Restate word for word the lines of the entries below, starting with the line that holds "Sliding5x5Puzzle3.stl Download STL" and ending with the line that holds "smeg ecf01rduk espresso", and no others.

### [INPUT FOR THIS TASK]
◆ ◆ ◆ ◆ ◆

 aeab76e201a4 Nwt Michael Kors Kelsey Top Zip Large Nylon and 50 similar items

◆ ◆ ◆ ◆ ◆

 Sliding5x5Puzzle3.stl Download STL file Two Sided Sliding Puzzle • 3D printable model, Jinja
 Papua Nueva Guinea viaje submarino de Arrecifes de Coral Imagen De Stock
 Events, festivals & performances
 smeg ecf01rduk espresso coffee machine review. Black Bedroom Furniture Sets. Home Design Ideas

◆ ◆ ◆ ◆ ◆

### [ANSWER BOX]
 Sliding5x5Puzzle3.stl Download STL file Two Sided Sliding Puzzle • 3D printable model, Jinja
 Papua Nueva Guinea viaje submarino de Arrecifes de Coral Imagen De Stock
 Events, festivals & performances
 smeg ecf01rduk espresso coffee machine review. Black Bedroom Furniture Sets. Home Design Ideas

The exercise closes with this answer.